I need this in my life!


----------



## Kalashnikov (28/7/16)

Really nice. 4 devices in 1. But still no1 has made a tank that can hold 2 different flavours at once. Its gotta be possible


----------



## skola (28/7/16)

Kalashnikov said:


> Really nice. 4 devices in 1. But still no1 has made a tank that can hold 2 different flavours at once. Its gotta be possible


http://www.lohasvapes.com/index.php/product/index/id/43.html


----------



## Kalashnikov (28/7/16)

skola said:


> http://www.lohasvapes.com/index.php/product/index/id/43.html


Lol Well clearly i was wrong haha. Although its quite hideous. They should split it down the middle not stack another tank on top. But hay thanks for showing me that


----------



## zadiac (28/7/16)

I'm going to buy this just for the squonking part

Reactions: Agree 1


----------



## boxerulez (11/9/16)

So this is definately long overdue:


A few weeks ago my Quad Flex Survival kit arrived. Thanks to @HeavenGifts sending it almost over2night to SA.
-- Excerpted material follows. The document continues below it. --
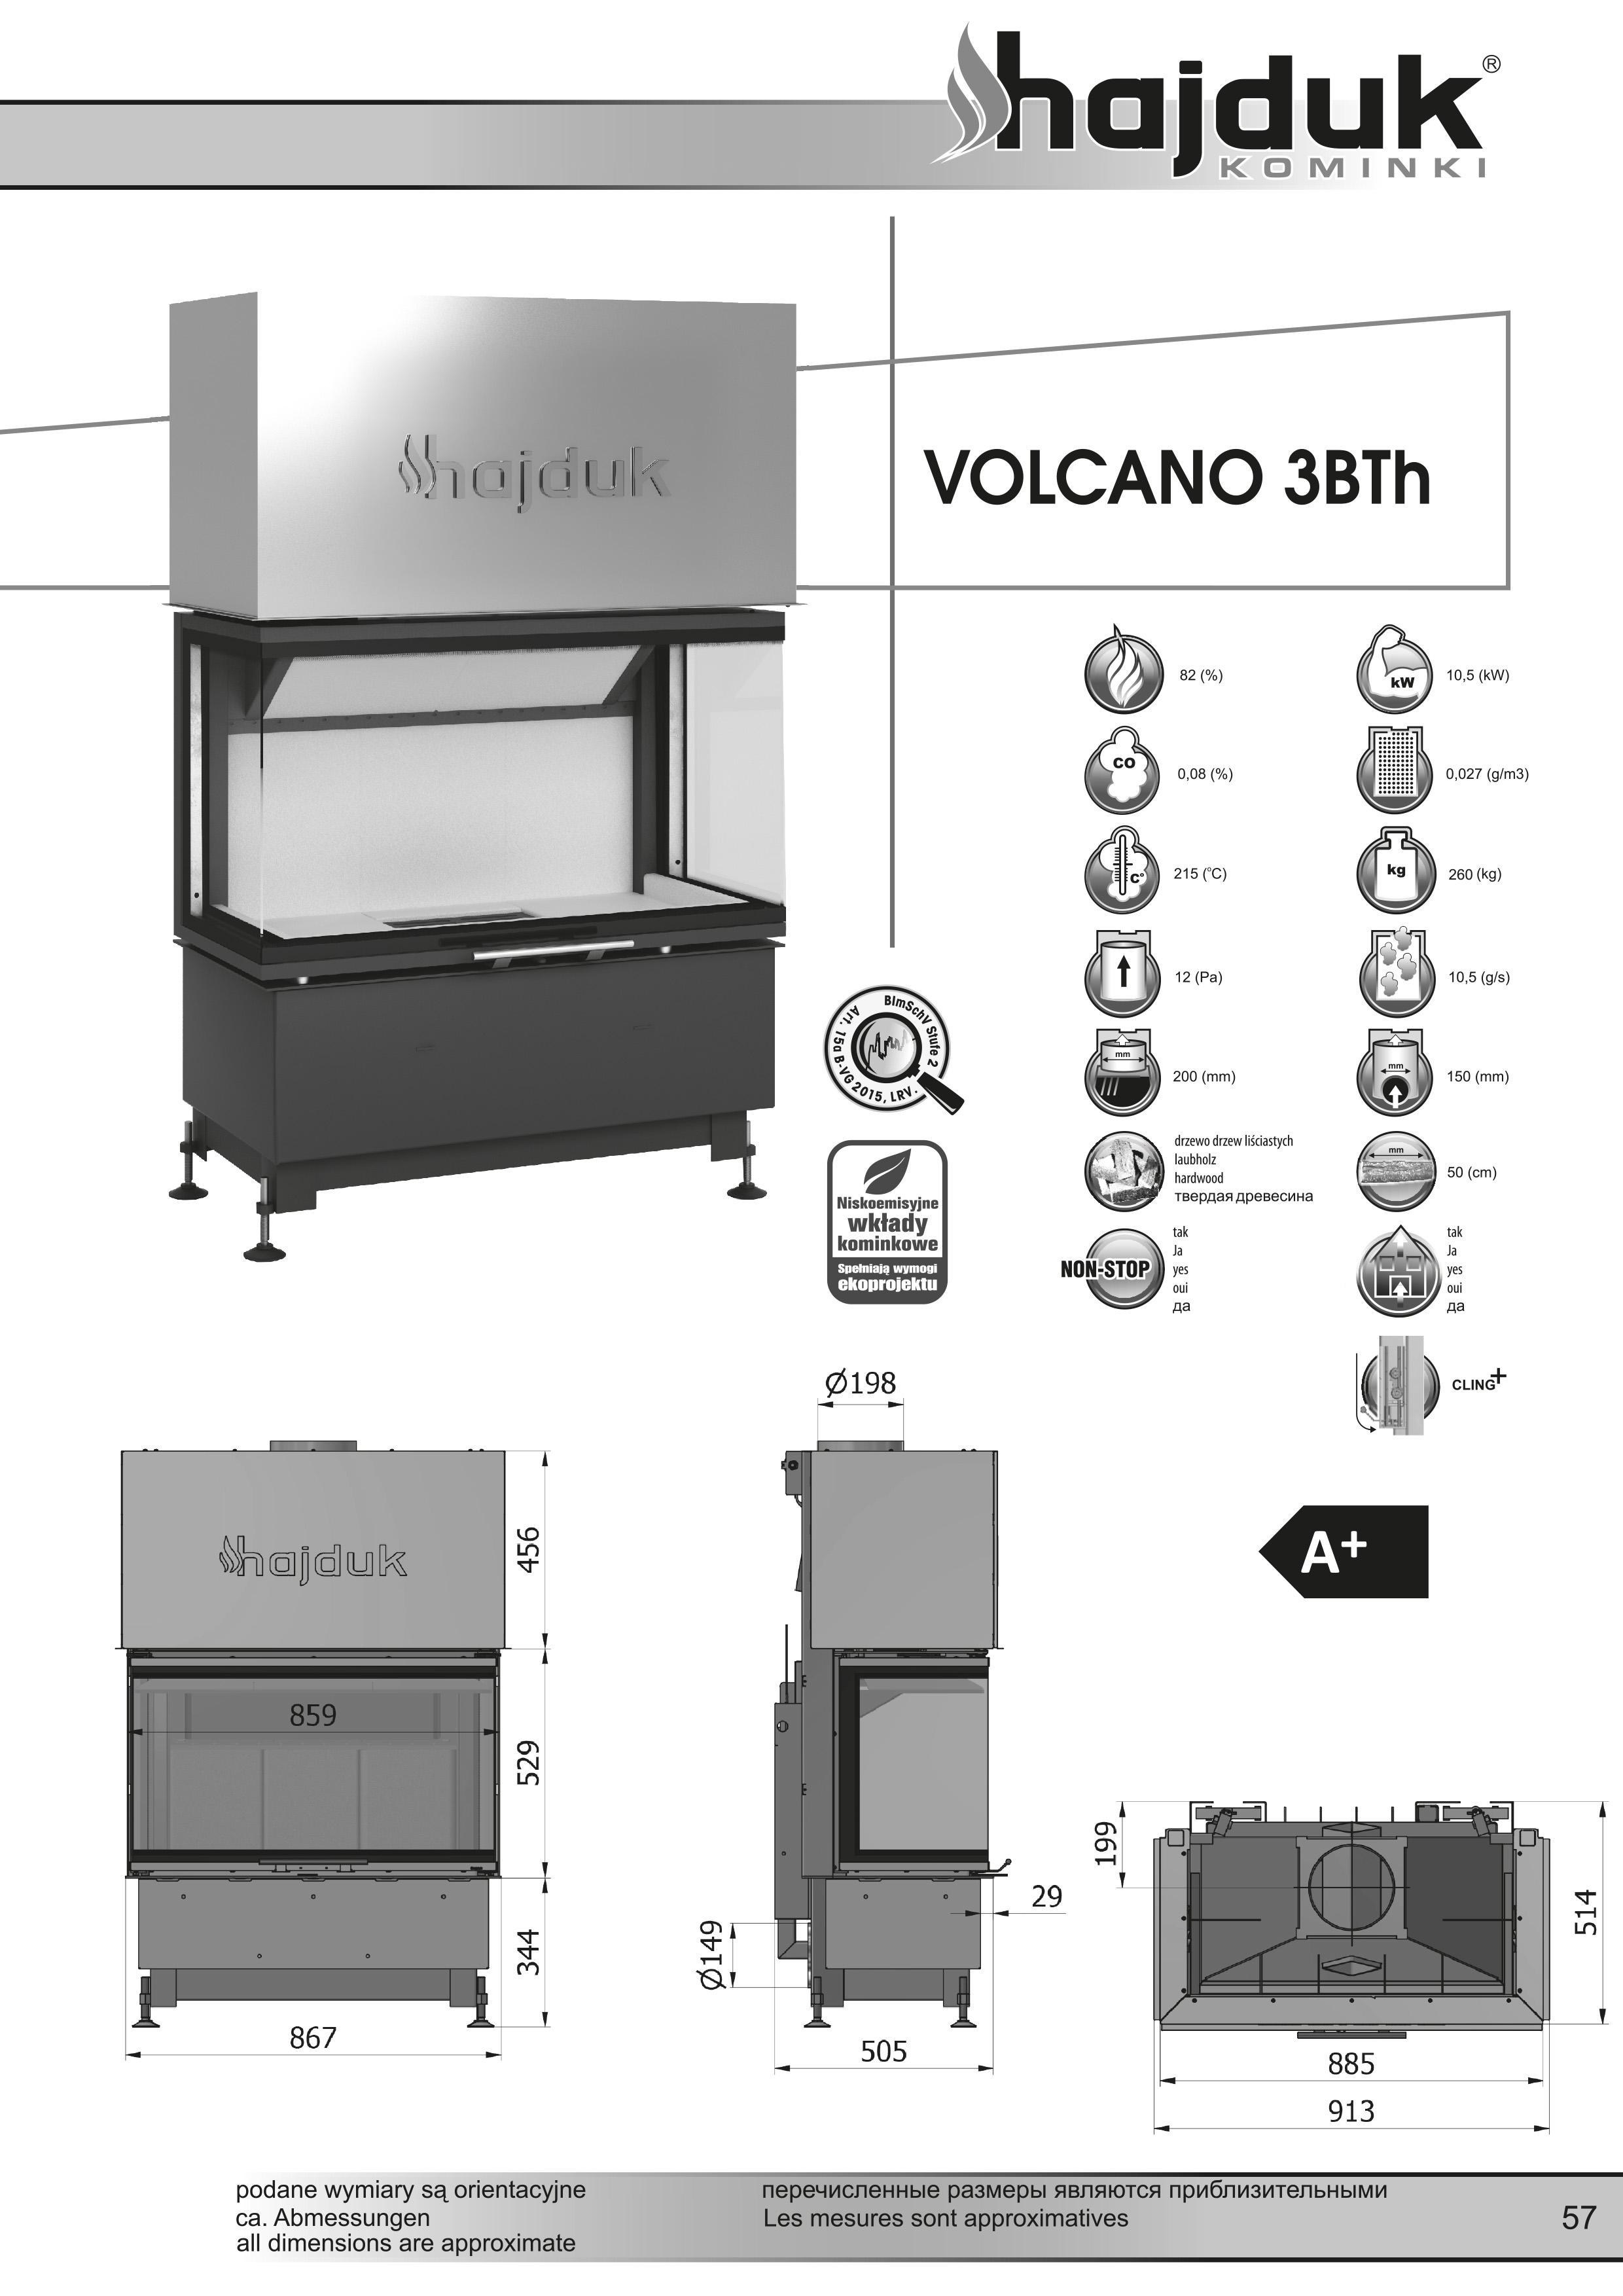 Volcano 3BTh

I have been playing around with it daily ever since and I can give you the following review(ish) of this atomizer.

Out the box being an RDTA lover of course I first set it up in RDTA mode. Love the airflow and it suits my build style pretty well. Basically like a plain coil... 24gauge 7wraps on a 2.5mm id.

Chucks nice clouds for a basic small RDTA but thanks to the narrow atomizer diameter its empty every 5 minutes when chain vaping. Another con is refilling this thing. The filling holes is only compatible with very tiny tipped dropper or even needle bottles.









Then I recieved a Goldpillar3 in a trade thanks to @anton and the RDA bug bit.

Have been running the top section as an RDA since then as the Goldpillar3 is too restrictive in Airflow for me. Same build deck as RDTA kind of tiny but ok for my coils so all good here.






So tonight as lazy as I am I wanted a new flavour in my tank and I refuse to double down on wick so I had a thought...

I have a whole box of spares in the survival kit... can I not setup another way?

I present...






I cannot contain myself. Its taking me back to my Twisp Clearo days. A draw similar to a cigarette along with a nice cool vape thanks to @YeOldeOke ADV Forrest Berry Yoghurt Panacotta 

On top of all that I have an additional tank to ADV offering just enough throat hit and vapour to keep me happy all day long at work. The XL is taking a backseat as of now.

Thats about it guys...

Thanks for reading my first proper thoughts laid out regarding hardware. Hopefully there will be more to come!

Sent from my SM-A500F using Tapatalk

Reactions: Like 1


----------



## anton (11/9/16)

lol nice one


----------